I’m seeing this trend also in the database community. For example, the Graph Query Language (GQL) for Property Graphs standardization process, will be accompanied by a definition of formal semantics, which is being led by theoreticians including Leonid Libkin.

I’m also starting to see this interest the other direction: researchers who focus more on building systems are being more rigorous with their theory and experiments. For example, the best student research paper was “RDF Explorer: A Visual SPARQL Query Builder” (see rdfexplorer.org). The computer science team partnered with an HCI researcher to make a user study and providing scientific rigor to their work (and ultimately getting nominated and winning an award).

Bottomline, it’s my perception that the theoritians want to make sure that their theory is actually used, and systems builders are focusing more and more on the science and not just the engineering. This is FANTASTIC!

Table to Knowledge Graph Matching

One of the big topics at the conference was the “Tabular Data to Knowledge Graph Matching” challenge. The challenge consisted of three tasks:

CTA: Assigning a class (:Actor) from a Knowledge Graph to a column
CEA: Matching a cell to an entity (:HarrisonFord) in the Knowledge Graph
CPA: Assigning a property (:actedIn) from the Knowledge Graph to the relationship between two columns

The matching was to DBpedia. The summary of the challenge in one slide:

For example the team from USC, Tabularisi, at a high level, created candidate matches by using DBpedia Spotlight and used TF-IDF and that was sufficient to get decent results.

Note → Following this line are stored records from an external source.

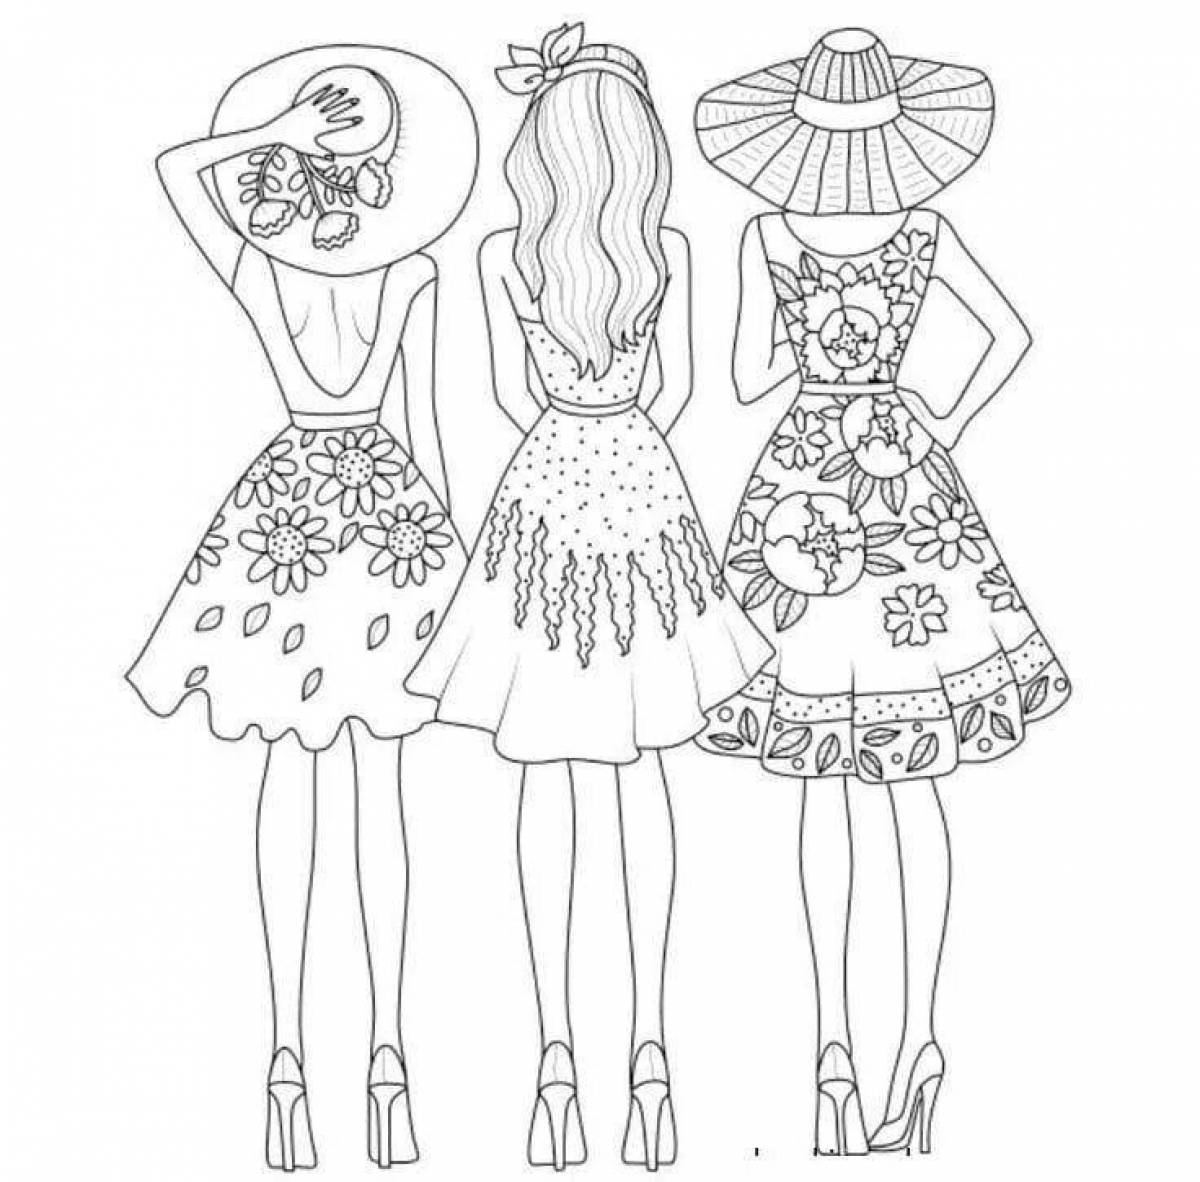 In-style clothing fashion coloring
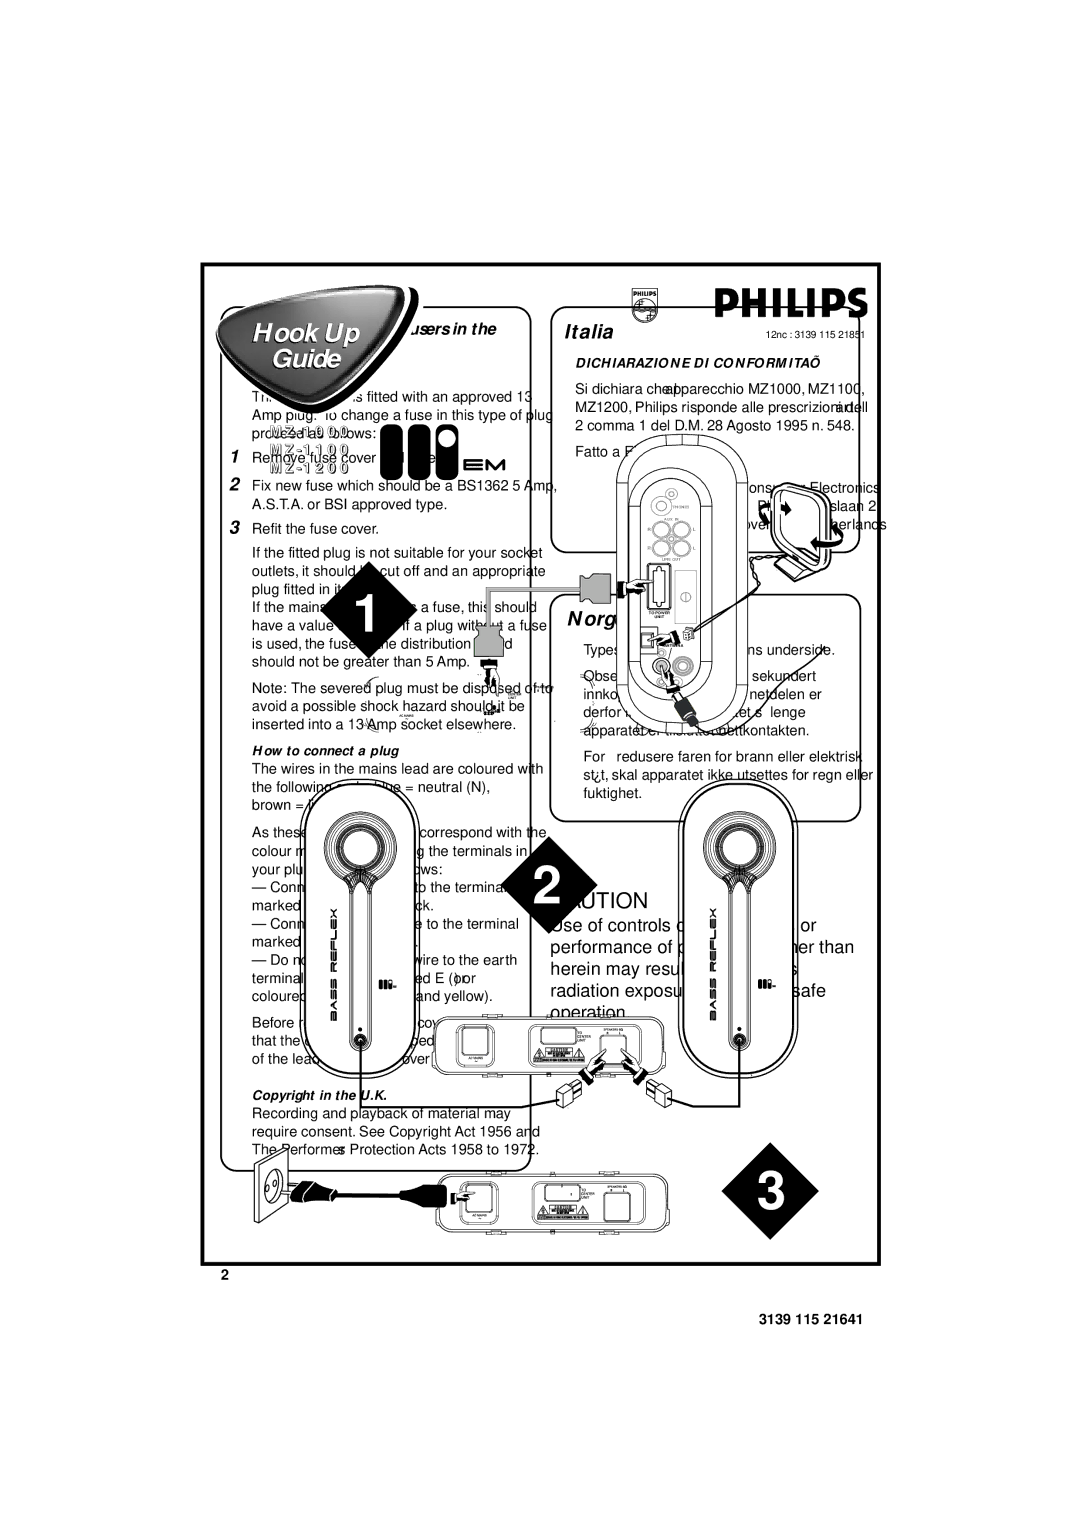 Philips MZ1100, MZ1000 manual Important notes for users in the U.K, Mains plug, How to connect a plug, Copyright in the U.K 
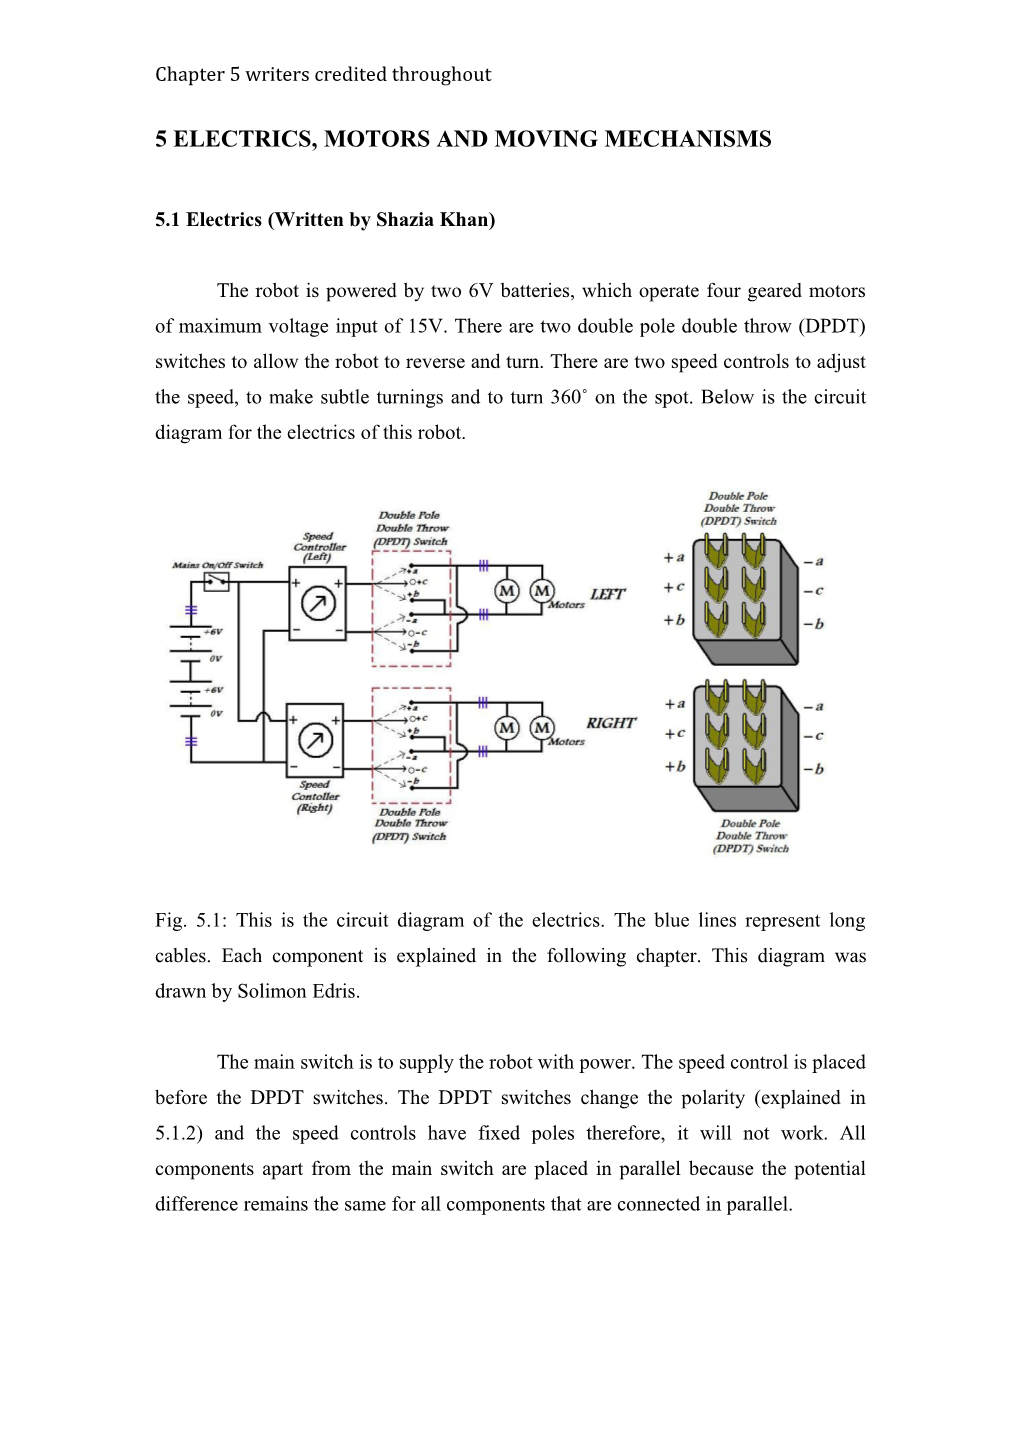 Chapter 5: Electrics, Motors, and Moving Mechanism
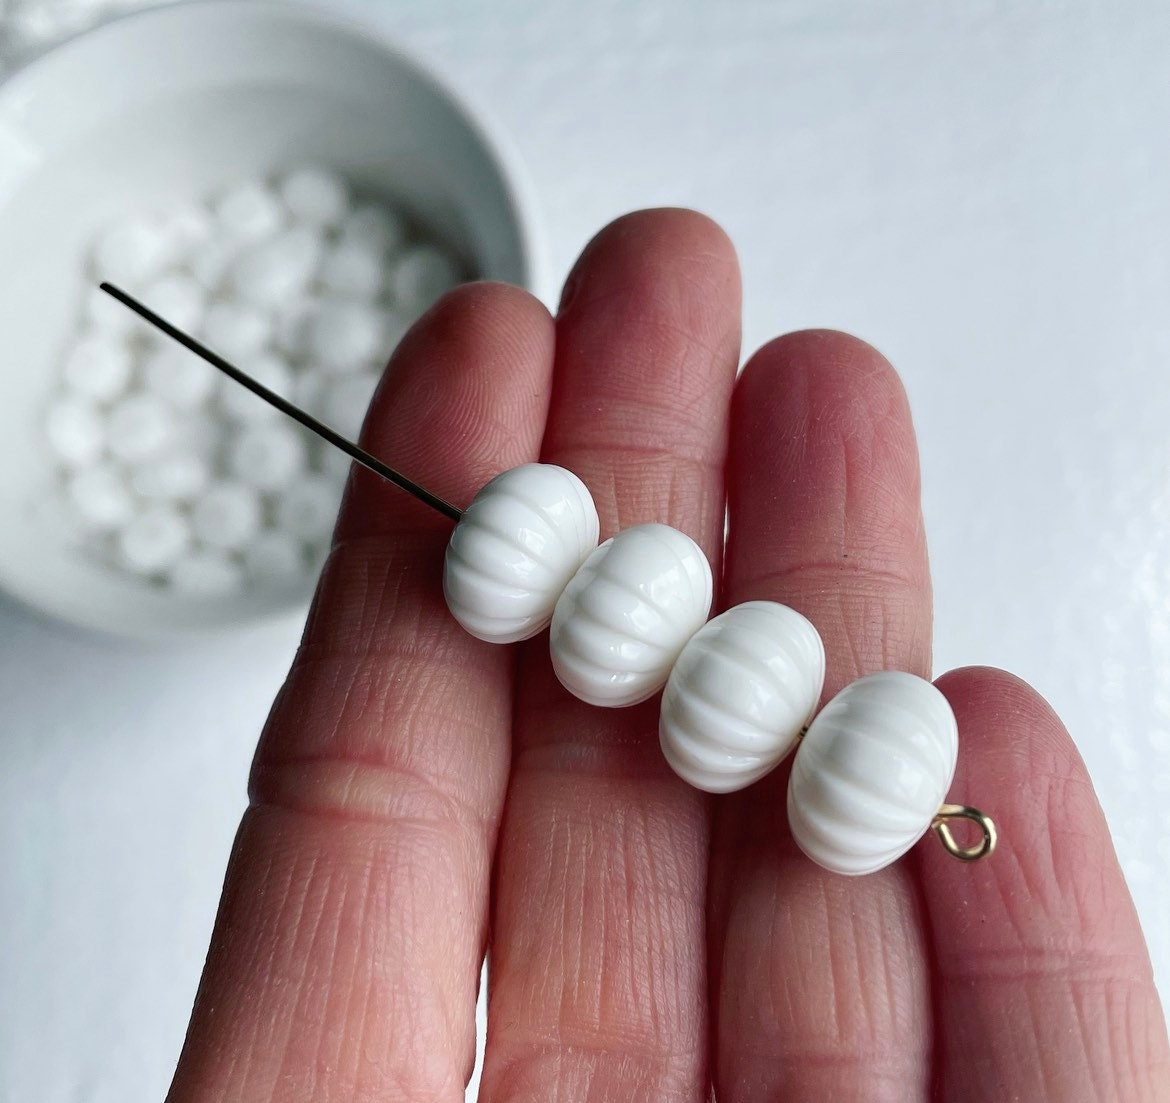 White Spacer Lampwork Beads For Jewelry Supplies, Glass Beads For Jewelry  Design, Beads For Craft Supplies, Small Round Beads For Bracelet
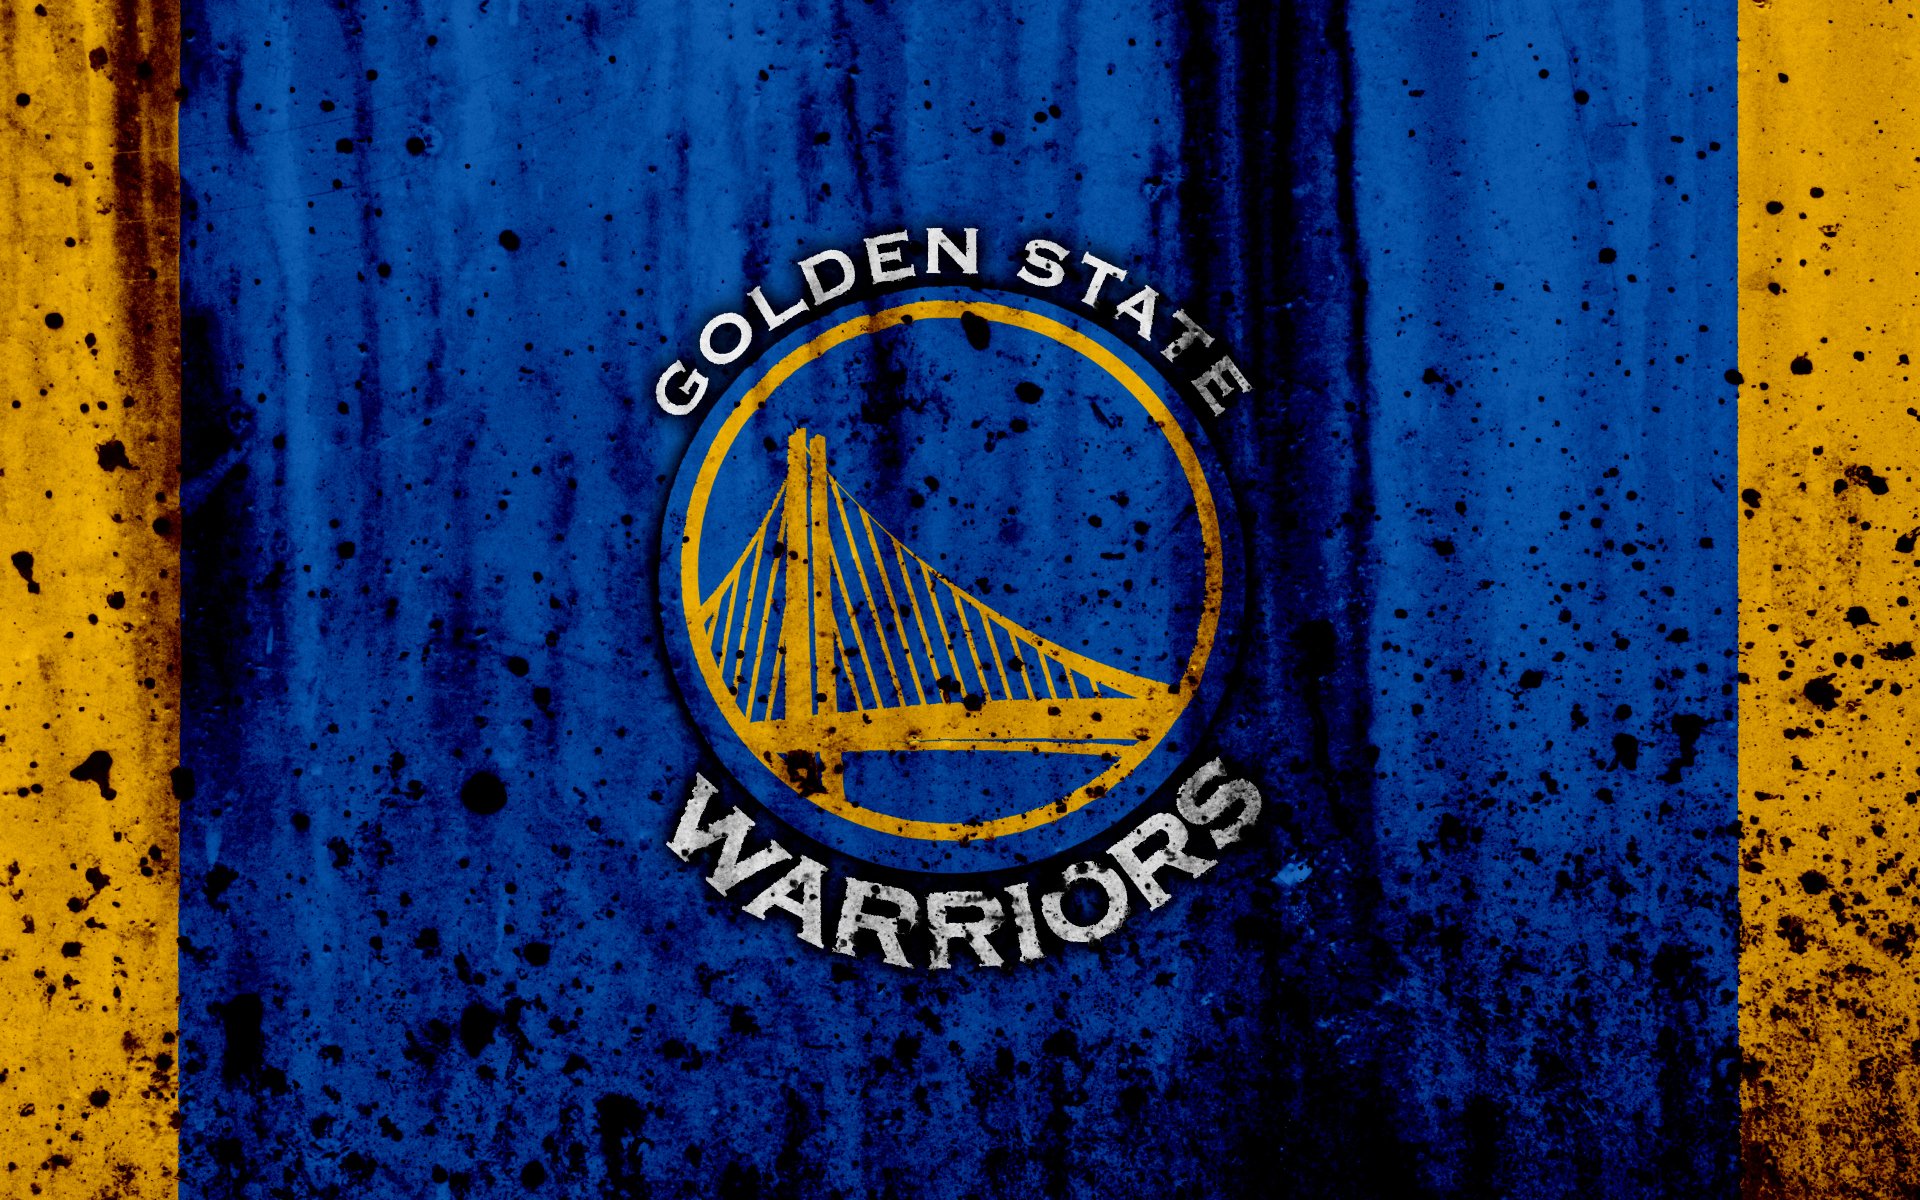 Golden state warriors logo hi-res stock photography and images - Alamy

Tabularisi, another participant in the tabular data to knowledge graph challenge. Their insight was to focus on what is easy first and use TF-IDF. #iswc_conf pic.twitter.com/jwTPWfxUPf
— Juan Sequeda (@juansequeda) October 29, 2019

The winner of the challenge, Mtab, in my opinion, over-engineered their approach for DBpedia, which is how they were able to win the challenge.

MTab, winner of the tablular data to knowledge graph matching challenge. #iswc_conf pic.twitter.com/Z87srWW6aU
— Juan Sequeda (@juansequeda) October 29, 2019

DAGOBAH, from Orange Labs had two approaches. The first baseline that used DBpedia Spotlight and compared it against a sophisticated approach using embeddings. The embedding approach was slightly better, but more expensive.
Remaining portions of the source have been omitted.